239 In giving judgment his Honour dealt with the evidence of Sergeant McCulloch saying this (AB 49) -
He found a number of photographs, well over 3,000, which he produced to the court and also a CD Disk with 22 photographs.
240 I do not think that the way his Honour put it was intended to convey an understanding that the officer had found a disc. His Honour was well aware that the officer had produced a disc from material on the hard drive. His Honour went on to say something about the images produced and to conclude that they were pornographic.
241 His Honour summarised the evidence about the effects of deletion, remarking that it was not a process of removal, quoting the evidence of the officer that "the data is not removed from the drive. It is essentially sitting there, available for re-use, all the blocks of disc area that it sits on is available for re-use if required".
242 His Honour reviewed the evidence of what was needed to recover the data, particularly evidence that it was a process which did not require a high level of technical skill, and that most of the "tools" were automated, designed for commercial or consumer applications in such a way that a disc would scan the system and present a listing of all deleted files and enabling the user to choose any file he wished to recover.
243 Having summarised the evidence of Sergeant McCulloch his Honour said this (AB 51) -
I think that pretty well summed-up his evidence with this exception. He said that the accused's computer did not require a password to operate it. In other words, his evidence was quite clear, that this material which was clearly pornographic, had been and was available on the computer. There can be no doubt, as of 27 January, that it was in the possession of the accused, in that it was found in his premises during the search.
244 His Honour then dealt with the defence under subs (4)(a). Having rejected that defence, his Honour continued (AB 53) -
I am also satisfied it was in his possession on 27 January when the police seized it. The elements in the offence, the date, the place and everything else are proven beyond reasonable doubt. There was clearly child pornography on that computer. It was there. There were persons under sixteen engaging in sexual activity and placed in a sexual context. He had possession of it and none of the defence could apply to him. I do not believe there is anything further I can say.
245 In coming to these conclusions his Honour made no distinction between the data which produced the 22 images on exhibit AA and the data which produced the 3,154 images on exhibit BB.
246 In my opinion his Honour was obliged to ask himself whether the accused knew that the data reproduced on exhibit AA existed on the hard drive at the date of search and, if so, whether he knew how to retrieve them.
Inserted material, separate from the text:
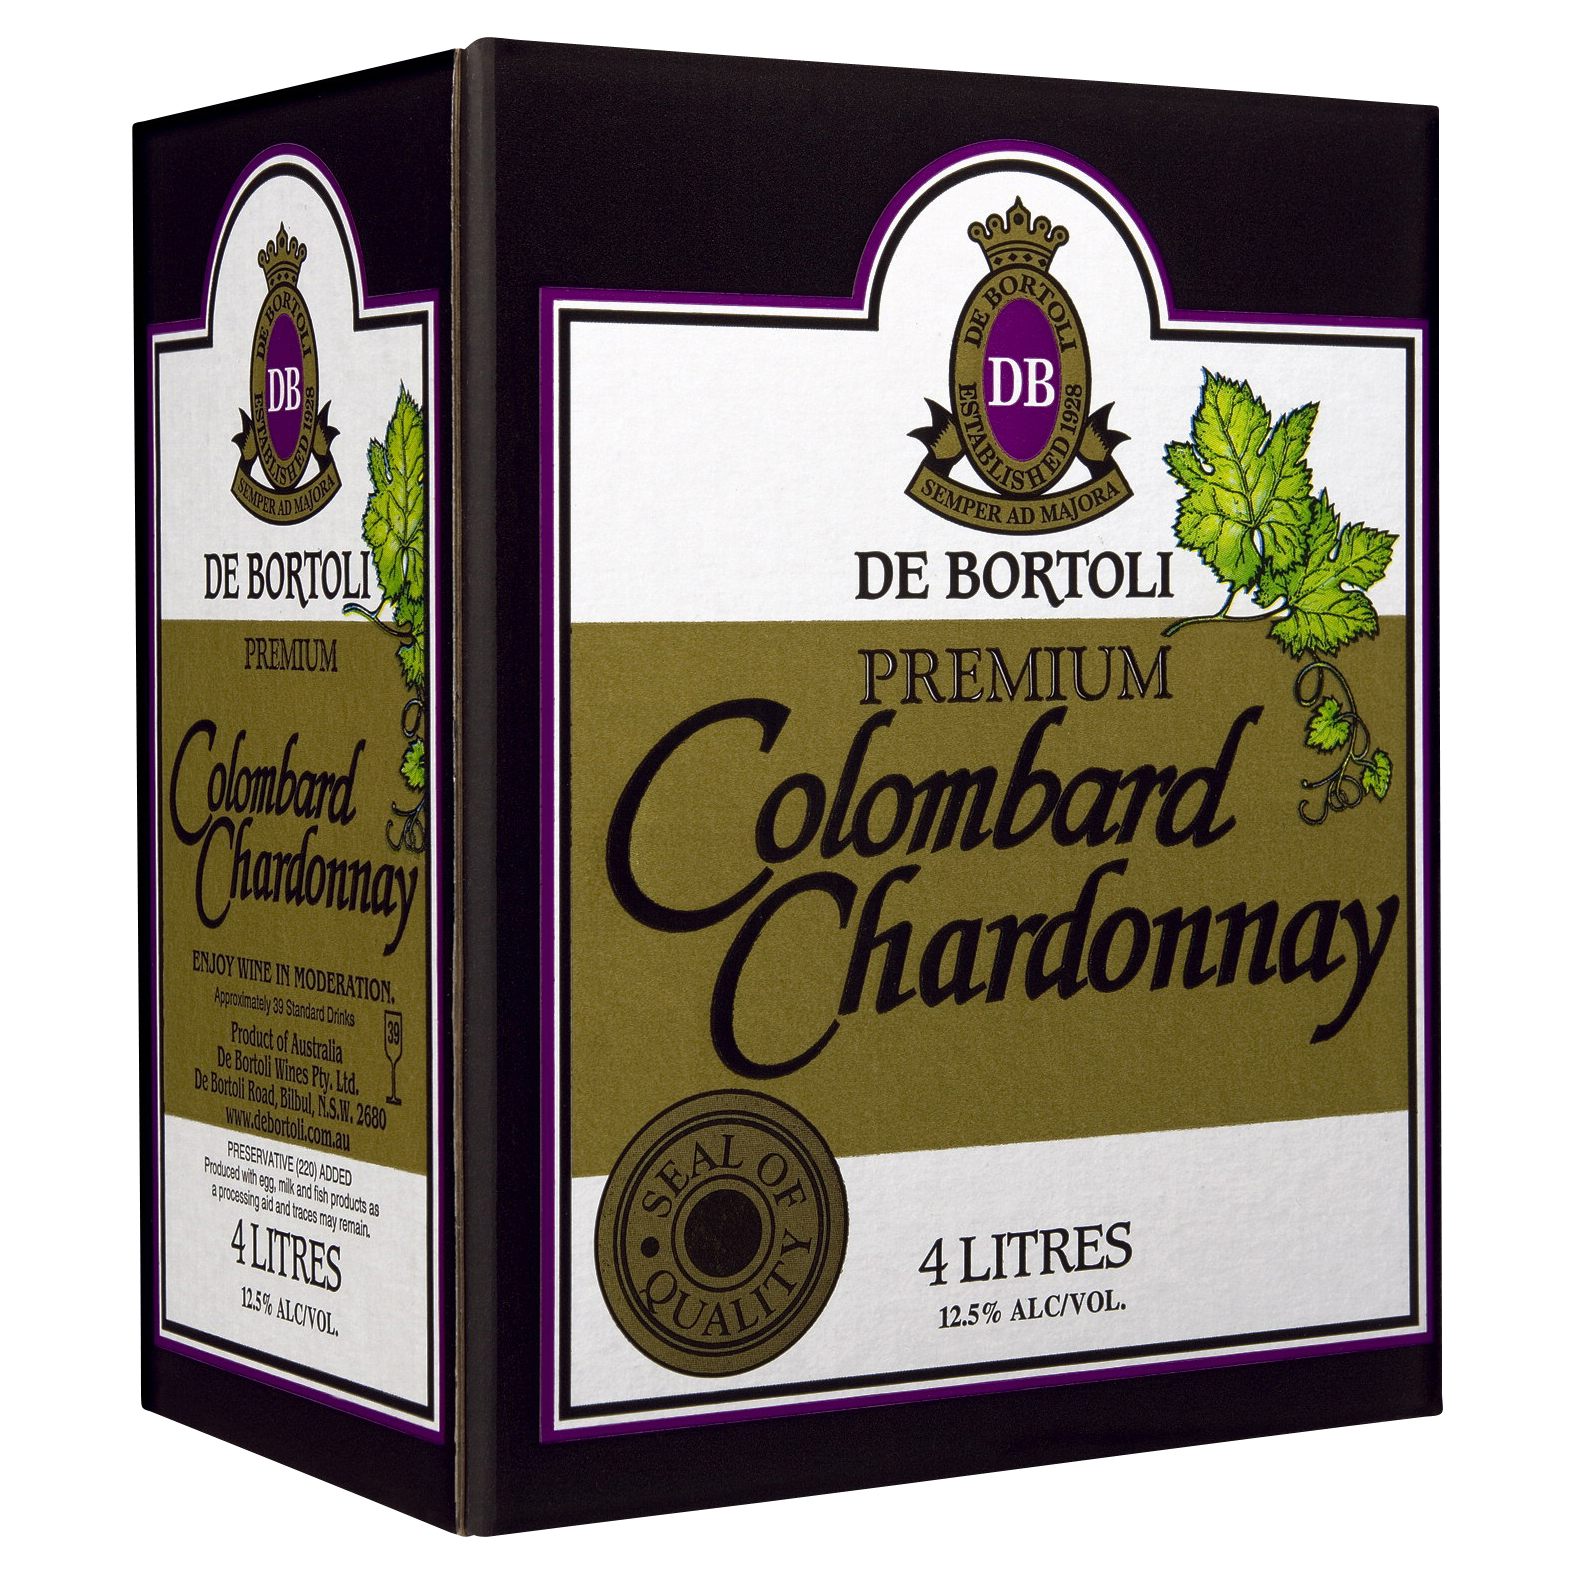 DE BORTOLI PREMIUM COLOMBARD CHARDONNAY

Before he could find the appellant guilty of the possession of the 3,154 images reproduced on exhibit BB, his Honour was obliged to ask himself whether the appellant knew that the data existed on the hard drive at the relevant time and, if so, whether he knew how to retrieve them.
247 Unfortunately, although his Honour initially correctly directed himself that the Crown had to prove intentional possession, which in the present case involved proof that the appellant knew that the data were present and retrievable, those questions were never ultimately framed or answered. One reason for this may have been that during the debate that followed the close of the evidence the only reference made to possession concerned the establishment by the appellant of the statutory defences. So his Honour received no assistance on what the Crown had to prove to establish possession.
248 I would uphold this ground of appeal.